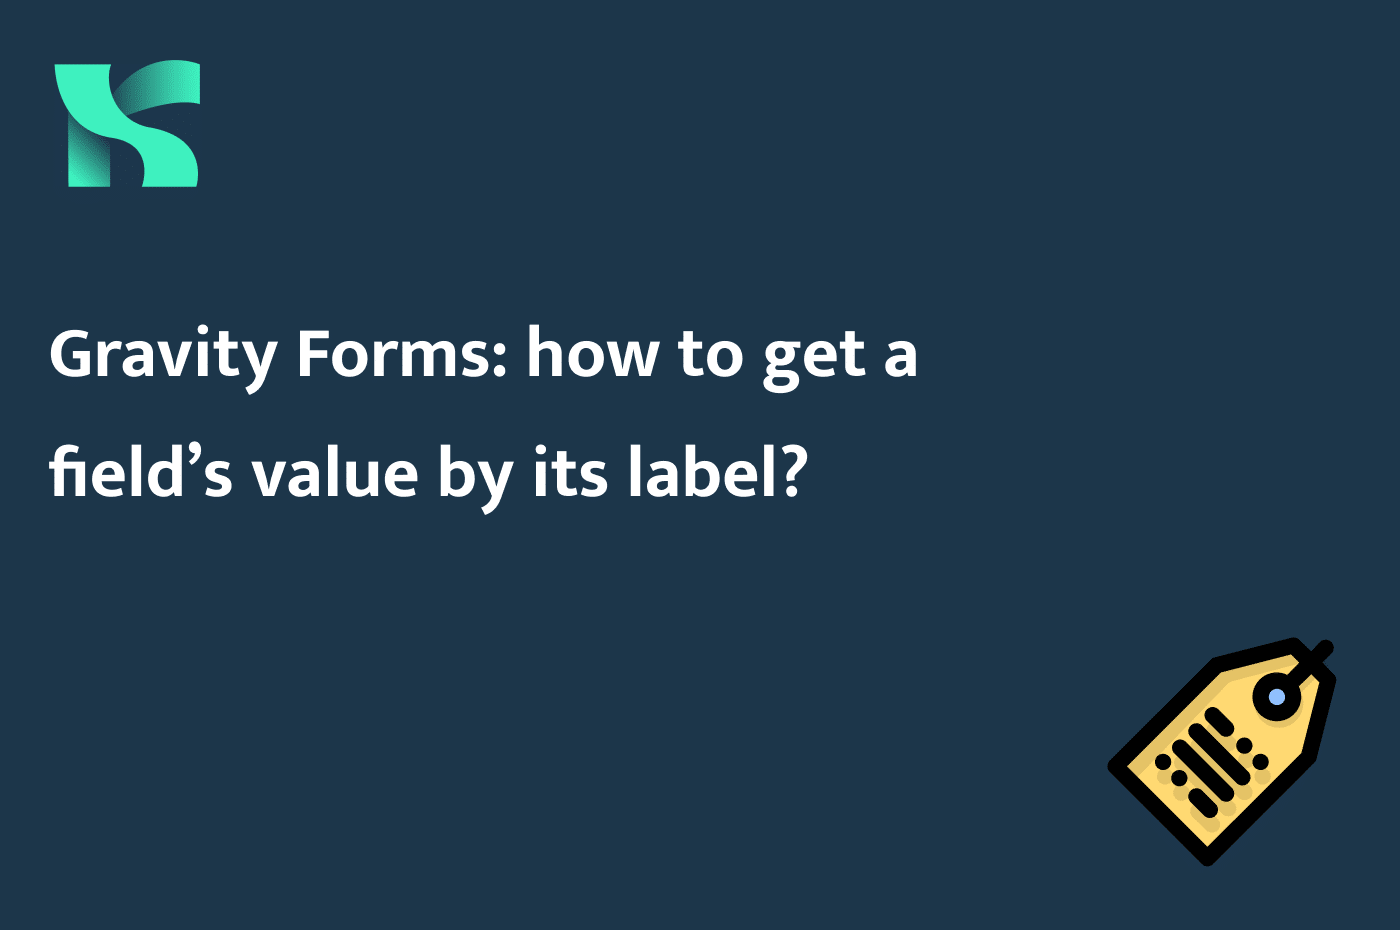 How to get a field’s value by its label in Gravity Forms?
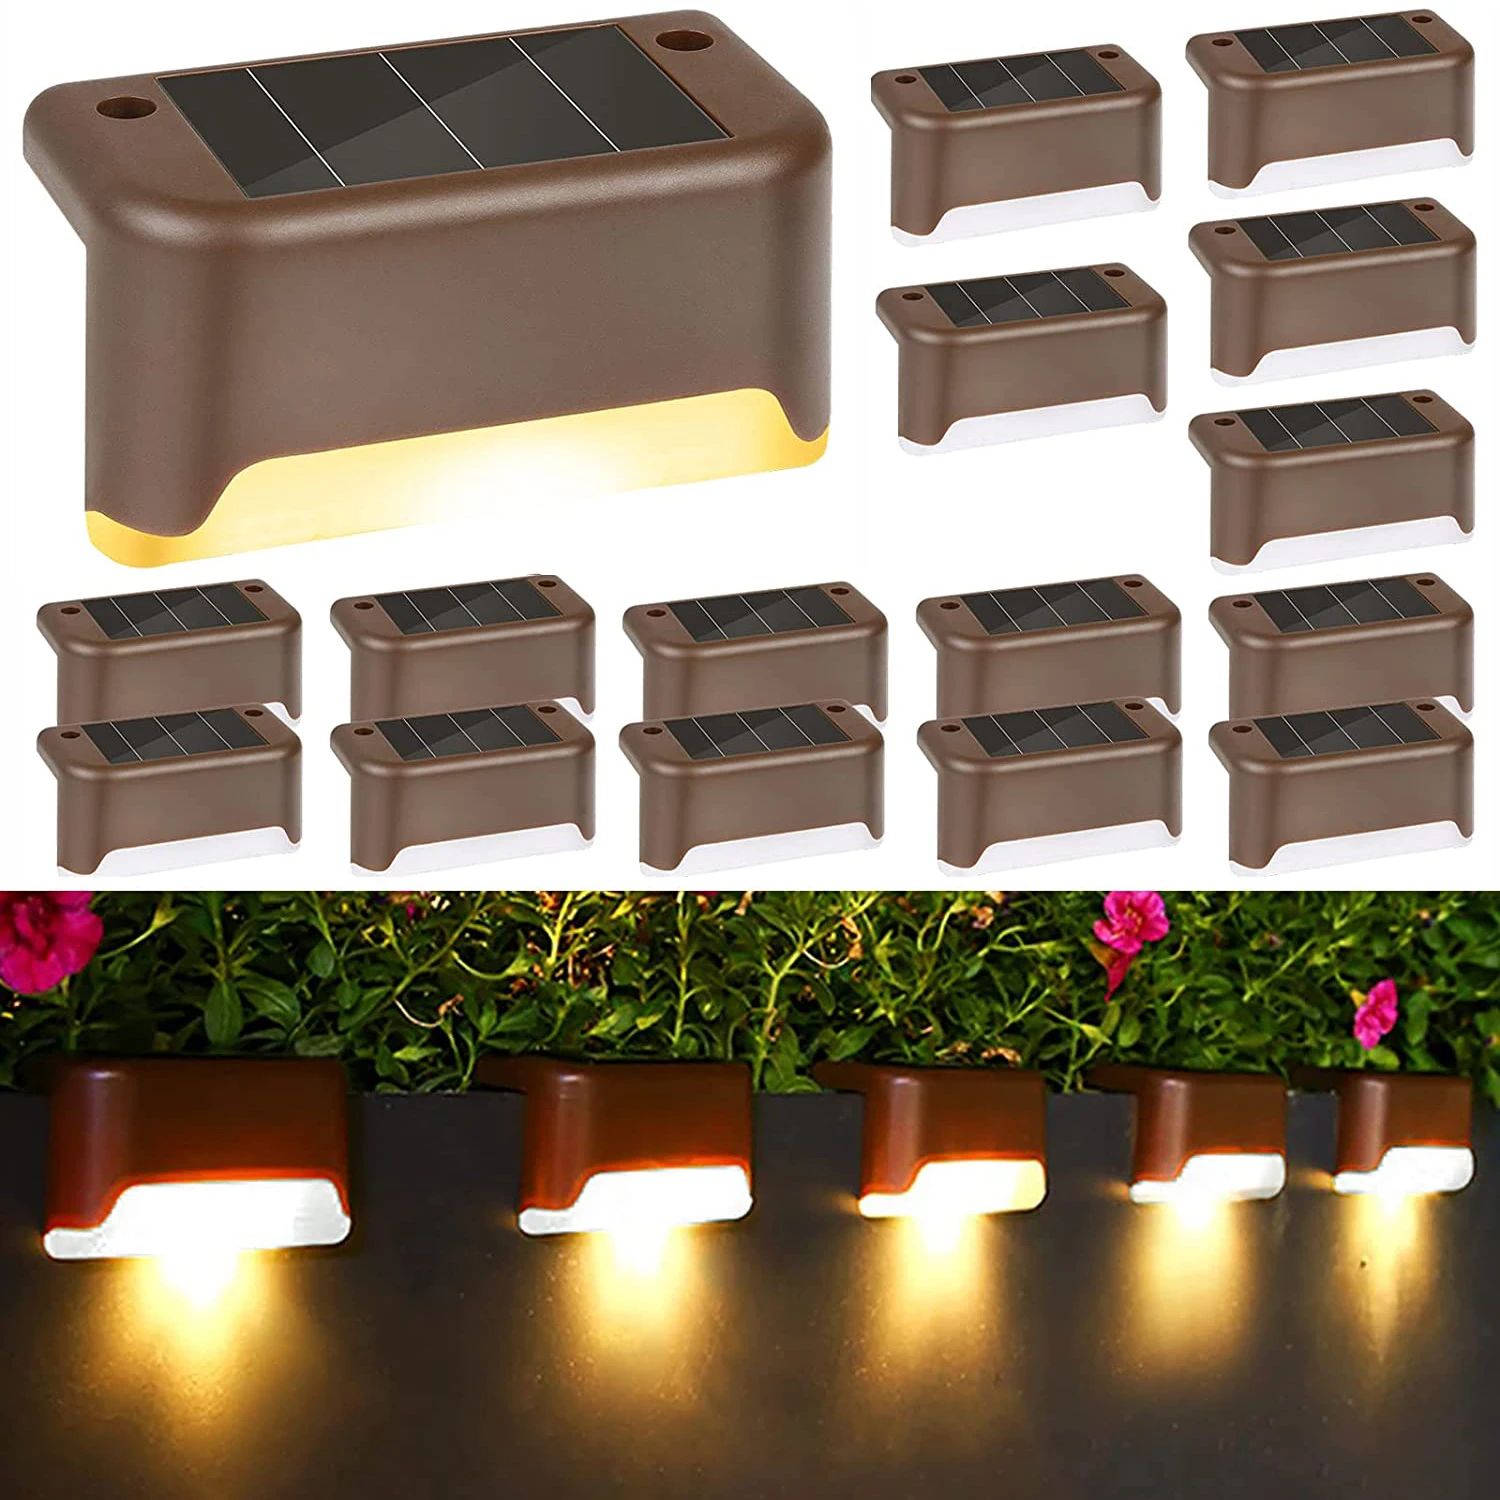 Solar Deck Lights Outdoor Step Lights LED Waterproof Solar Panel Fence Lights Stair Lights for Patio, Yard, Post and Driveway
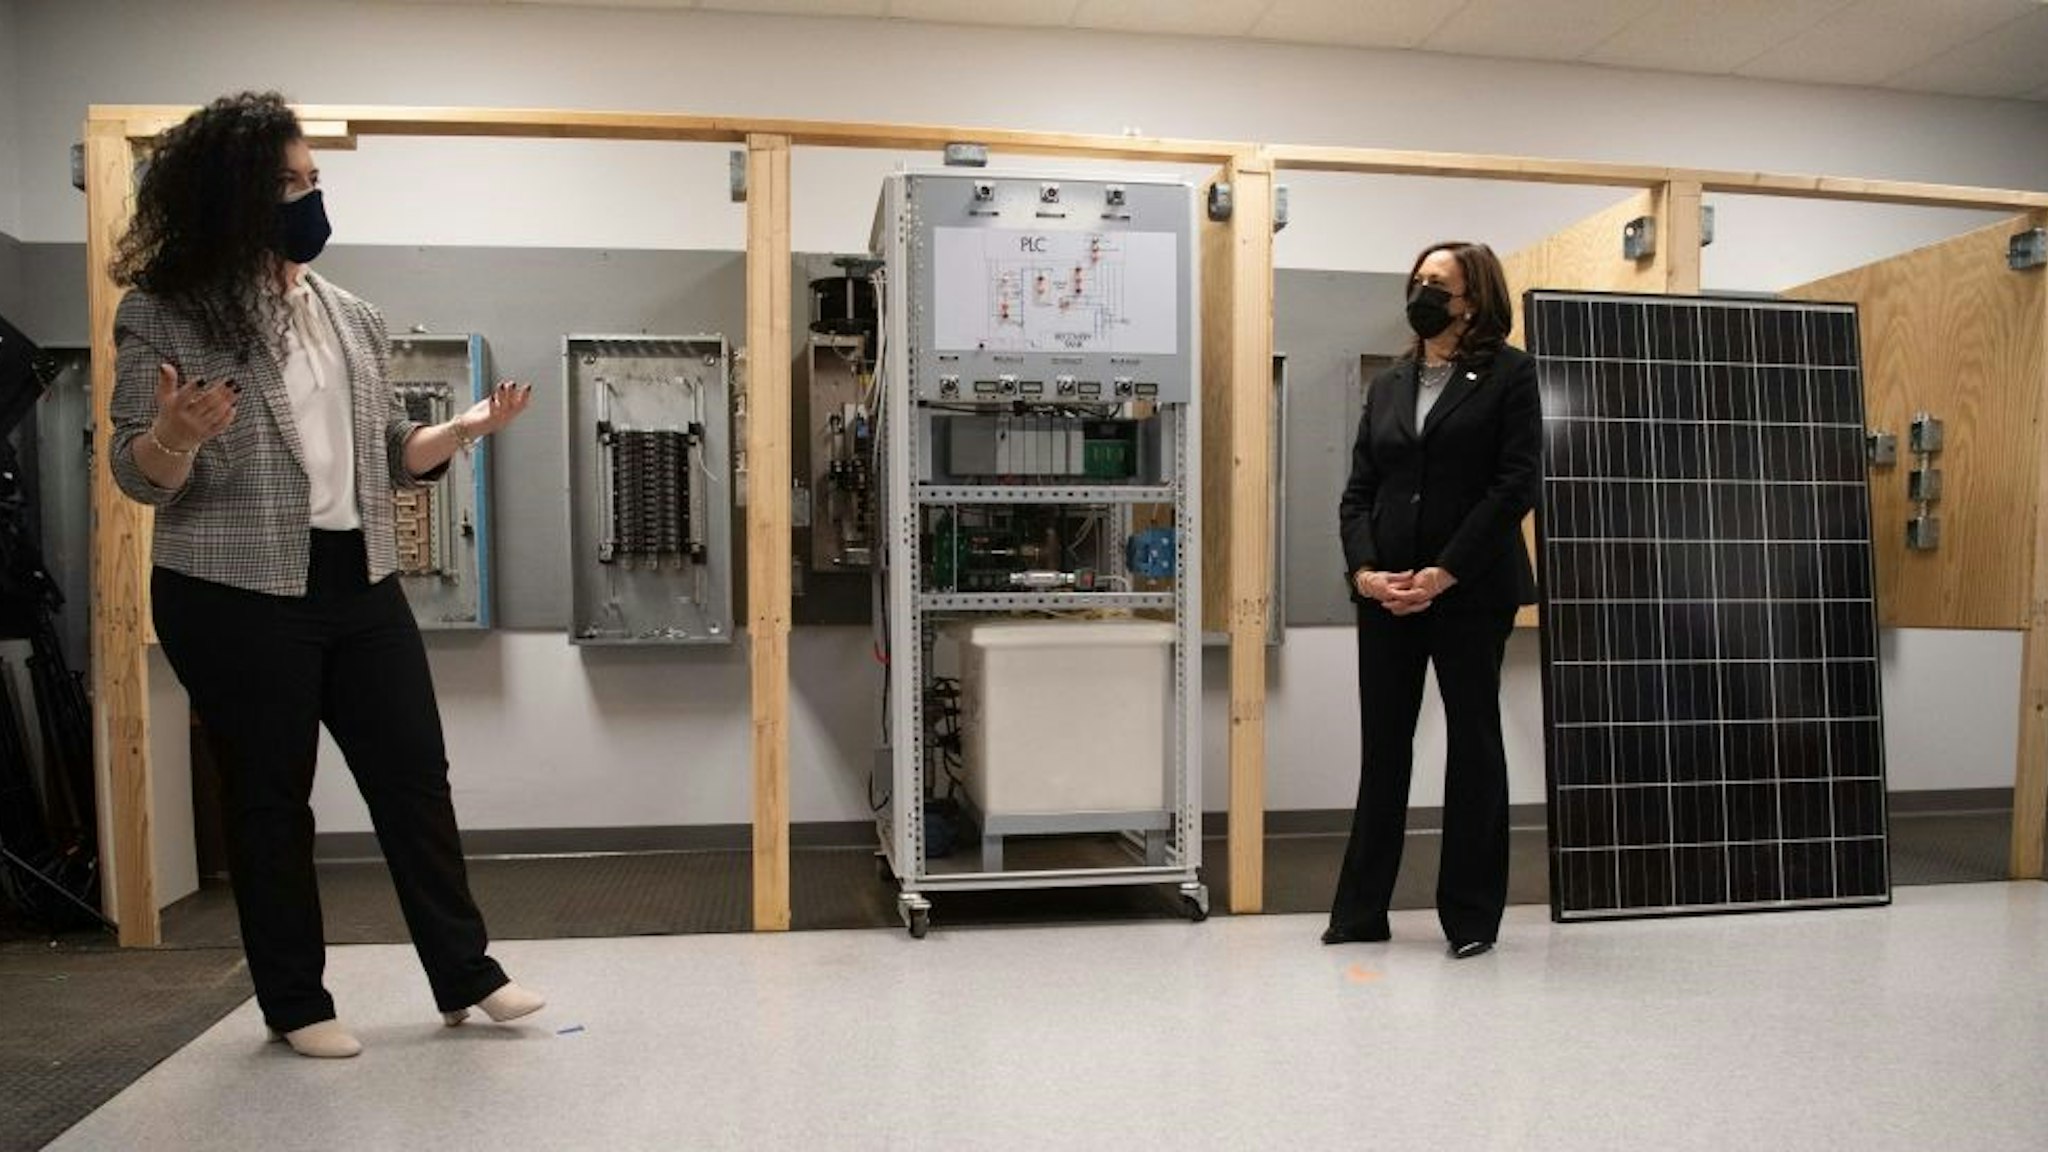 US Vice President Kamala Harris speaks with Haley Kamberalis, IBEW apprentice, as she tours the IBEW Training Center in Concord, New Hampshire, April 23, 2021 as she travels to the state to promote the administration's economic plans. (Photo by SAUL LOEB / AFP) (Photo by
----------
## What you need to do
Reprint the data verbatim, pictures excluded.

## Answer box
 How to get a field’s value by its label in Gravity Forms?
 Solar Deck Lights Outdoor Step Lights LED Waterproof Solar Panel Fence Lights Stair Lights for Patio, Yard, Post and Driveway
 US Vice President Kamala Harris speaks with Haley Kamberalis, IBEW apprentice, as she tours the IBEW Training Center in Concord, New Hampshire, April 23, 2021 as she travels to the state to promote the administration's economic plans. (Photo by SAUL LOEB / AFP) (Photo by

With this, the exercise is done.